本発明の方法は、受容体としてプロトゲラスト。The method of the invention uses protogelast as the receptor.
単細胞及び構造体中の細胞を使用することができ;DN
A分子及び自律的に複製するオルガネラは形質転換性因
子として使用される。これは、遺伝子工学的な操作に関
与される種、たとえば重要な農業用植物(たとえば穀物
類)の数を増大せしめる。Single cells and cells in structures can be used; DN
A molecules and autonomously replicating organelles are used as transforming factors. This increases the number of species, such as important agricultural plants (eg, cereals), that are involved in genetic engineering operations.
本発明は次の方法によって達成される。受容体として使
用される、対応する栄養溶液中のプロトゲラスト、単細
胞又は構造体中の細胞(マイクロカルス、胚形成カルス
、胚様体)を、顕微鏡ステージ上に据見つけられたマイ
クロチャンバー中に置き、そしてたとえばサッカーの助
けによって寒天中に注ぐことによって又は機械的に固定
する。The present invention is achieved by the following method. Protogellasts, single cells or cells in structures (microcallus, embryogenic callus, embryoid bodies) in the corresponding nutrient solution, used as receptors, are placed in a microchamber mounted on a microscope stage. Place and fix by pouring into agar, for example with the help of a sucker or mechanically.

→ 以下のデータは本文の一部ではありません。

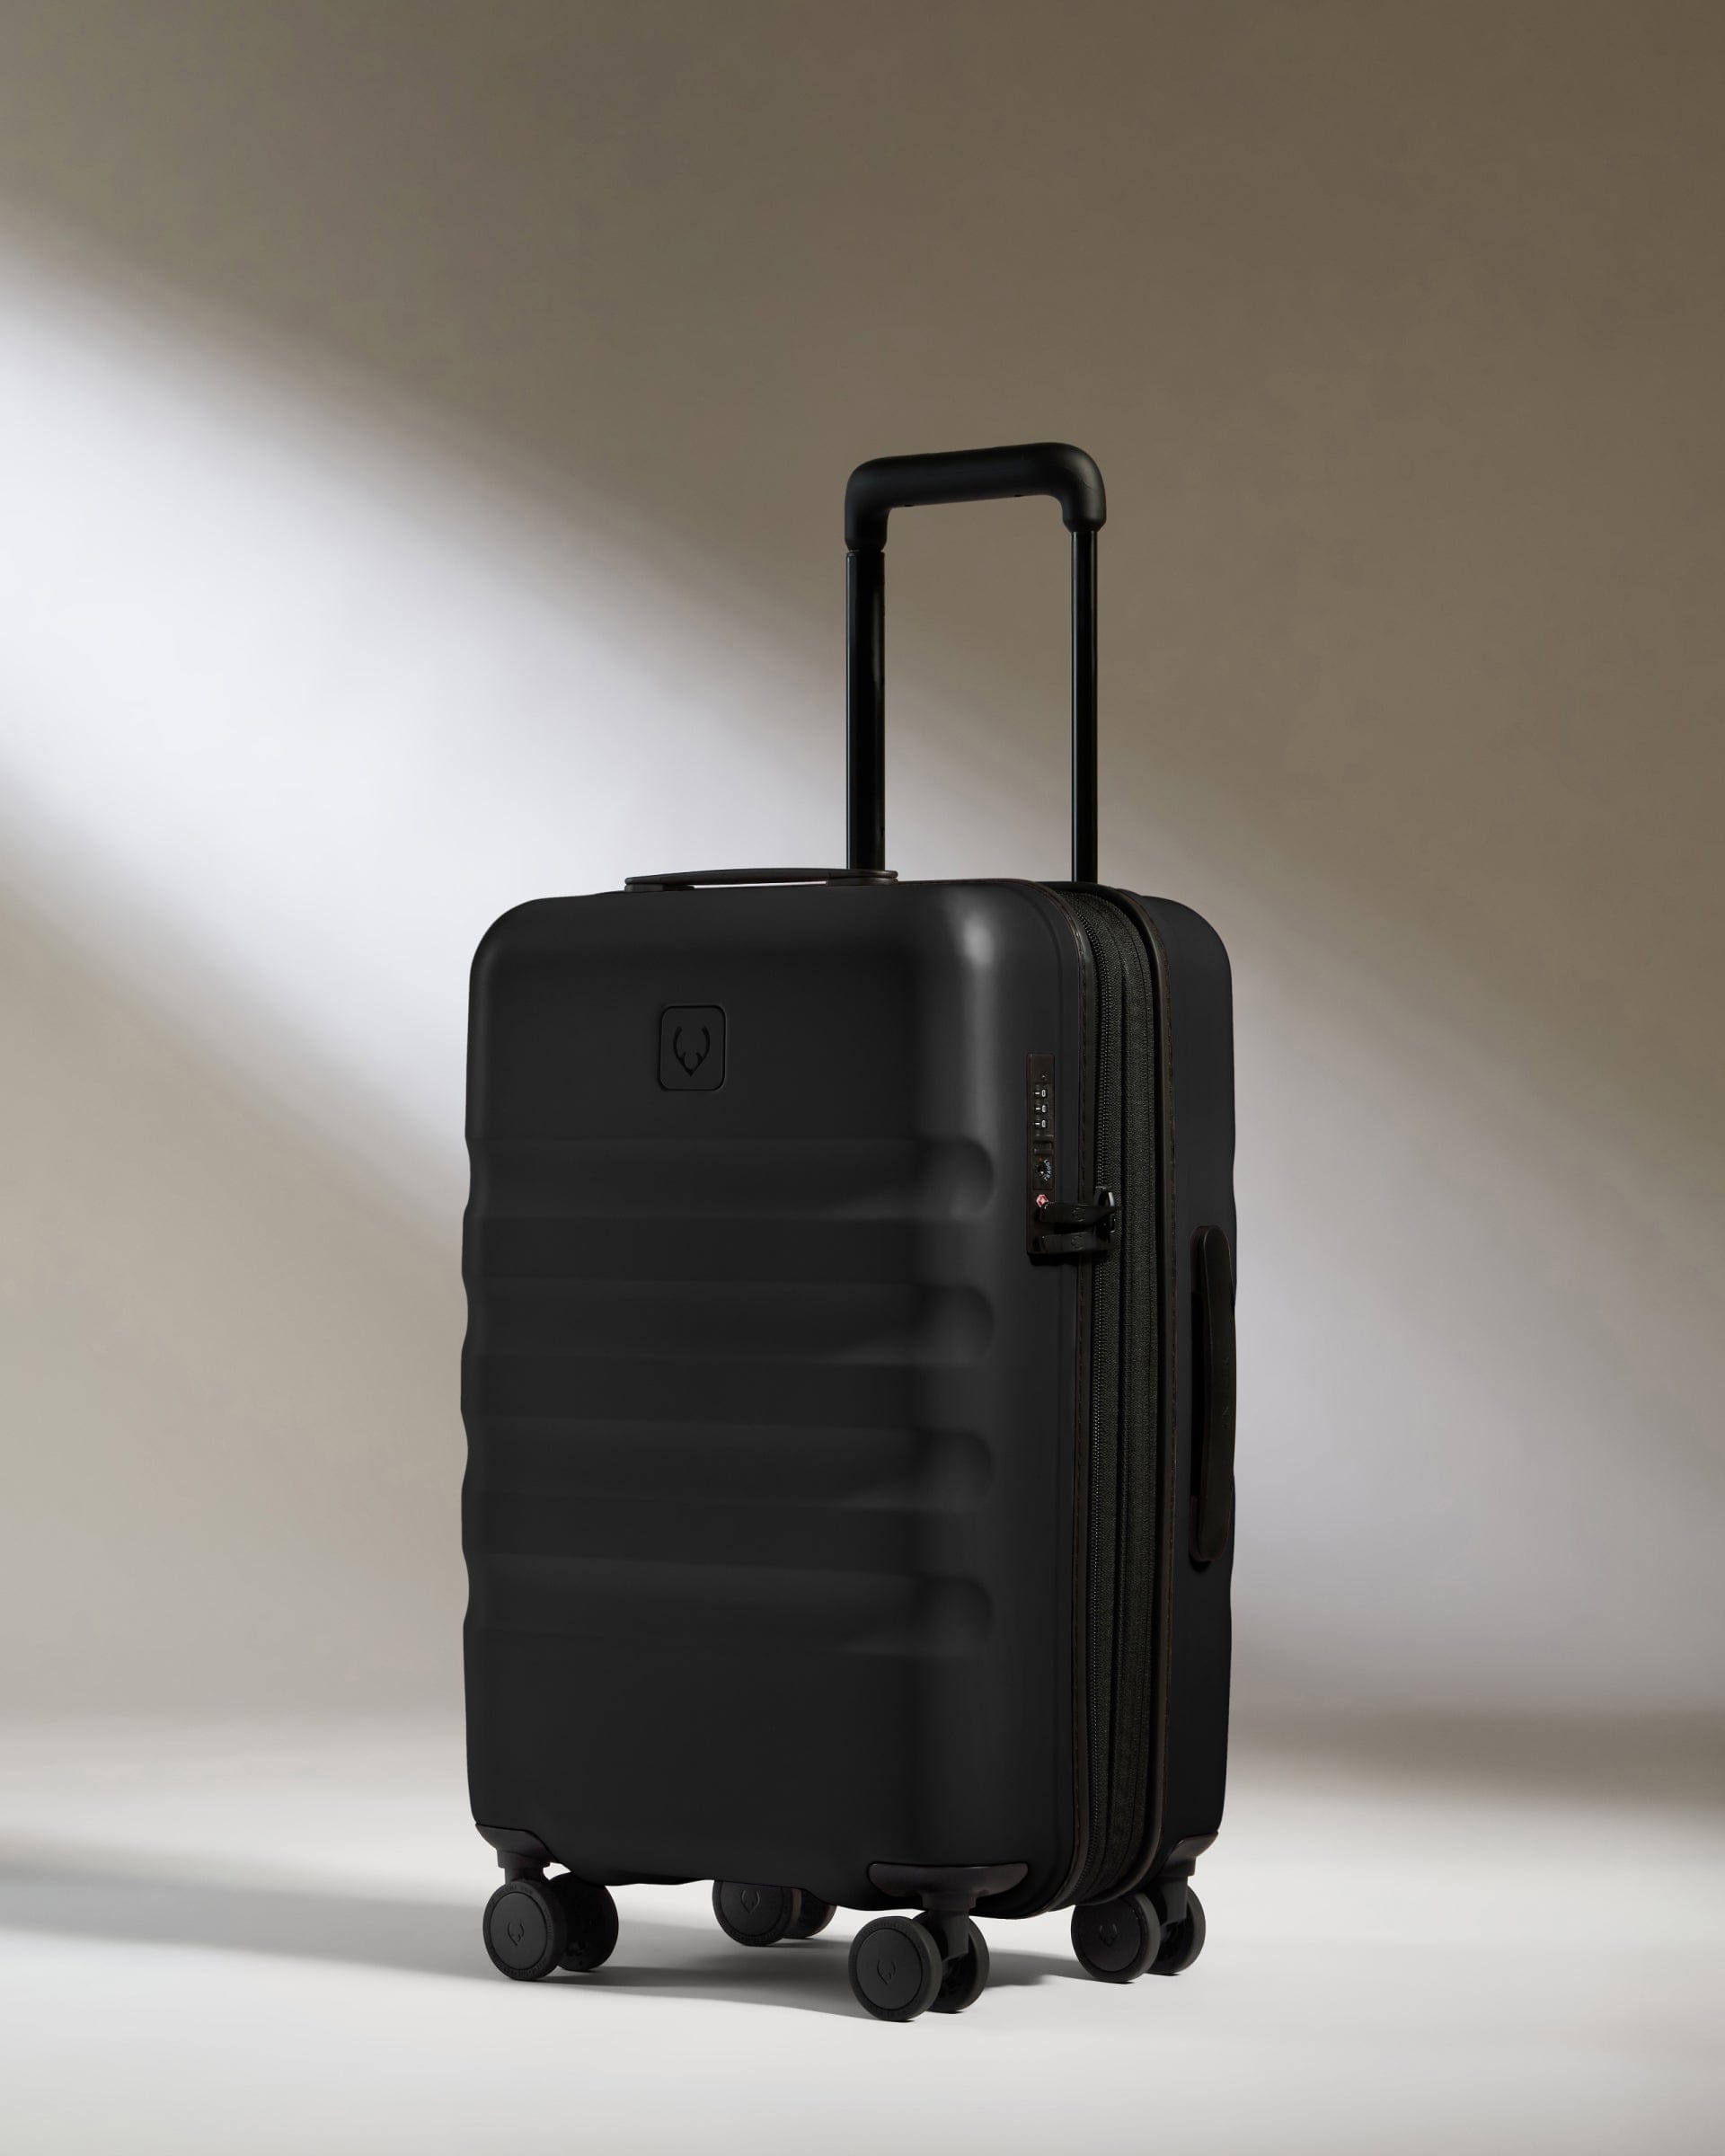 View Antler Icon Stripe Cabin Suitcase With Expander In Black Size 23cm x 55cm x 36cm information

対応する培地中の形質転換性因子(グラスミド。Transforming factor (Grasmid) in the corresponding medium.
コスミド、クロロシラスト)によシ満たされたガラス性
マイクロピペットを、マイクロマニプレーターの助けに
よって前記受容体中に注入し、そして該注入は、光学的
顕微鏡の調整下で行なわれる。A glass micropipette filled with cosmid, chlorocilast) is injected into the receptor with the aid of a micromanipulator, and the injection is carried out under the control of an optical microscope.
マイクロイ/ノエクシ冒ンは、空気圧又は水圧下で又は
電界の効果下で達成される。注入される溶液の体積は、
1〜10ピコリツターと異なる。すべての操作は殺菌条
件下で行なわれる。注入された受容体は、選択栄養培地
に移され、そしてその選択は形質転換性因子によって決
定される。形質転換体の選択及びそれらのバイオマスの
蓄積は、選択培地上の受容体の反復トランスファーに基
づいて行なわれる。植物は、形質転換された細胞系及び
細胞構造体から選択培地上で再生される。Micro-/no-exchange is achieved under pneumatic or hydraulic pressure or under the effect of an electric field. The volume of solution injected is
It differs from 1 to 10 picoliters. All operations are performed under sterile conditions. The injected receptors are transferred to a selective nutrient medium, and the selection is determined by the transforming factor. Selection of transformants and accumulation of their biomass is carried out on the basis of repeated transfer of receptors on selection media. Plants are regenerated from transformed cell lines and cell constructs on selective media.
本発明をさらに理解するために、特定の例を下記に例示
的に与える。In order to further understand the invention, specific examples are provided below by way of illustration.
例1
最端直径約1μmのマイクロピペットを、ニコチら単離
されたプロトゲラスト中に挿入し、そして緩衝液ピコリ
ッター当シ約100のレグリカの量でpsV2N・0グ
ラスミドを含む緩衝溶液(10μMのTrys、 pH
7,2r 1 mM のナトリウムエチレンジアミンテ
トラアセテ−) 、 5mMf)kcjり 1〜2ピ
コリツターを水圧システムの助けにより加圧する。Example 1 A micropipette with a diameter of approximately 1 μm at the tip end is inserted into a protogellast isolated by Nicoci et al. and a buffer solution containing psV2N.0 glasmid (10 μM Trys, pH
7,2r1mM sodium ethylenediaminetetraacetate), 5mMf) kcj 1-2 picoliters are pressurized with the aid of a hydraulic system.
マイクロインジェクシ冒ンの間、最初の分裂まで、プロ
トゲラストは、0.1重量%のアガロースを含むCab
rche栄養培地中に存在する。注入されたプロトプラ
ストから形成されたマイクロコロニイーを、60 Q/
dm’の抗生物質、カナマイシンスルフェートを含む
Gamburg培地上に移す。8種の細胞系を、53の
注入されたプロトゲラストから得、前記細胞系は120
1f!9/ dm”までの抗生物質を含む培地上で増殖
することができる。形質転換効率は15%であった。植
物ホルモンの添加なしでのGamburg培地上に得ら
れた3種の耐性系から、カナマイシンを含む培地上で増
殖し、そして根をはることができる植物を再生した。During microinjection, until the first split, the protogelasts were incubated with Cab containing 0.1% by weight agarose.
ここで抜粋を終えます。